Milton Glaser: If we mean by ‘role’ a pre-existing, intrinsic function, the poster’s role is to convey information from a source to an audience, in order to move that audience to an amplification or change of perception that produces an awareness or an action. When a poster has a commercial intention it obviously tends to convince an audience to buy goods and services.
The artistic role of any poster is more difficult to ascertain. Depending on your definition, posters do not have to be ‘artistic’ to be effective (i.e. be successful in its ‘roles’). It is far more important for posters to be effective than artistic. The aesthetic part of poster making has more to do with the objectives of its maker than the requirements of form. Because of the poster’s historical relationship to the world of painting, any by virtue of its physical size, the poster seems to offer more opportunities for the designer to do artistic or imaginative work than many of the other areas in which he may be working.
In addition to the significant function of informing and motivating a public, the question of the poster’s social role is a more subtle one.
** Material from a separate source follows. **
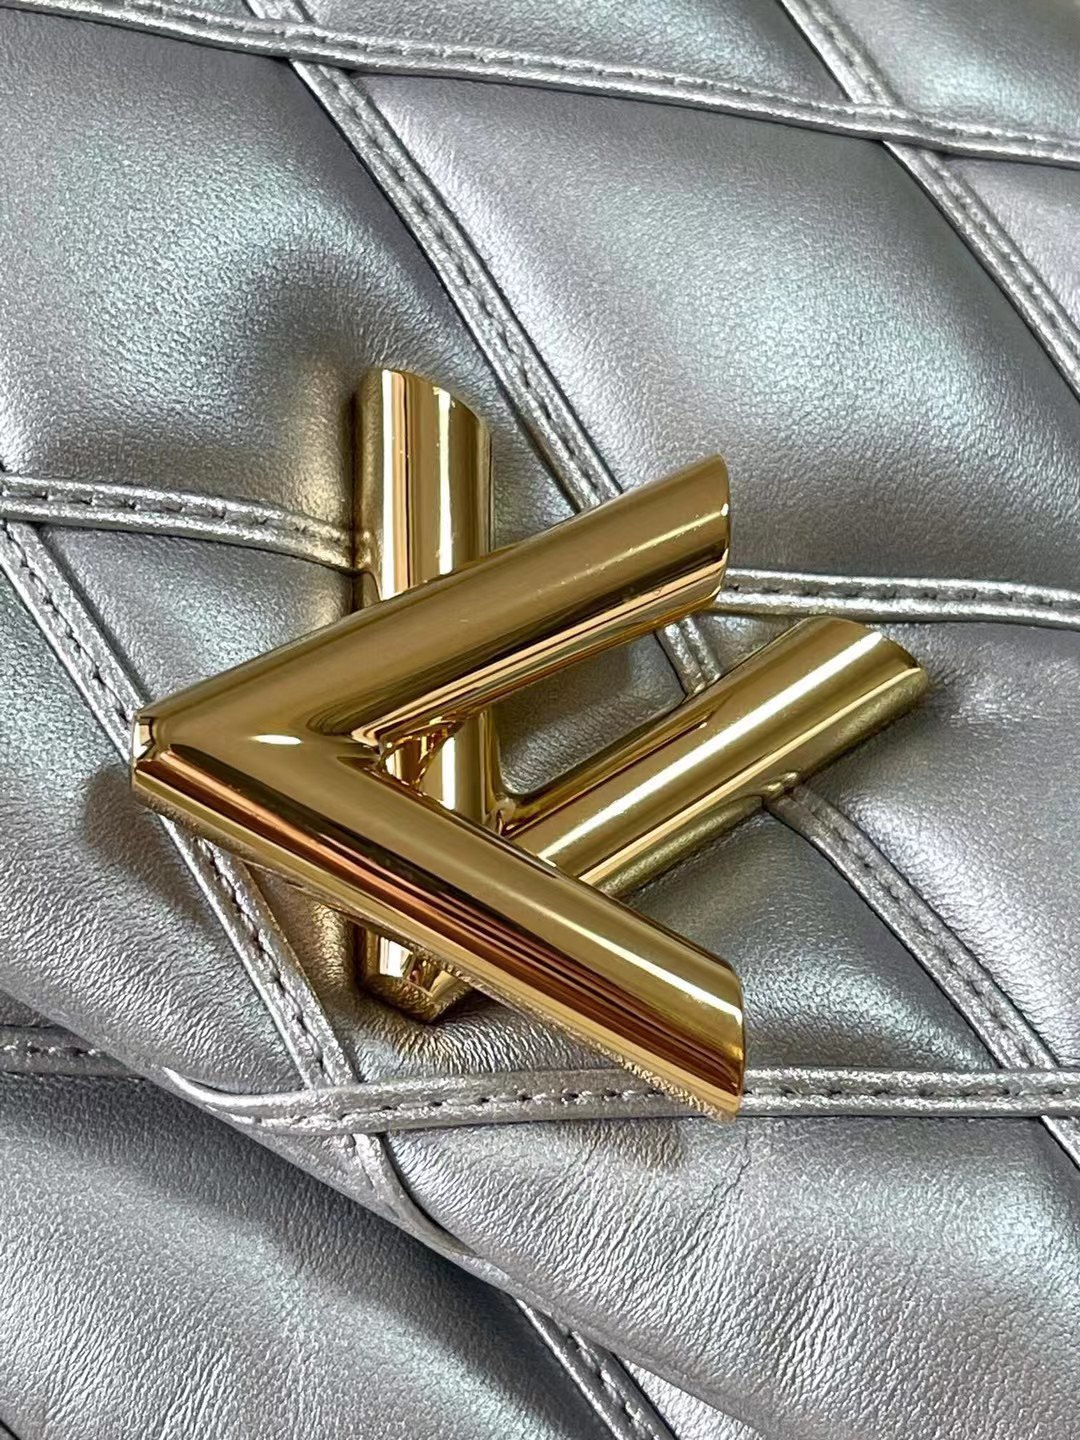 M25107银色本款G0-14中号手袋取材华美羊皮革以指缝图案致敬品牌传统行李箱设计LVTwist扭锁彰

Does society benefit from experiencing words that have ‘artistic’ merit and which are well made? Without beginning to define those evasive terms I would have to say, yes, although I would be hard pressed to prove a case. To add to the ambiguity, it should be noted that a well made object may have little artistic merit, and an artistic object does not have to be well made.
Is money a corrupting influence in poster design?
Glaser: Perhaps in one sense: when the financial risks are greatest, clients tend to be most conservative. The fear of losing a significant amount of money can have a chilling effect on one’s sense of adventure and imagination.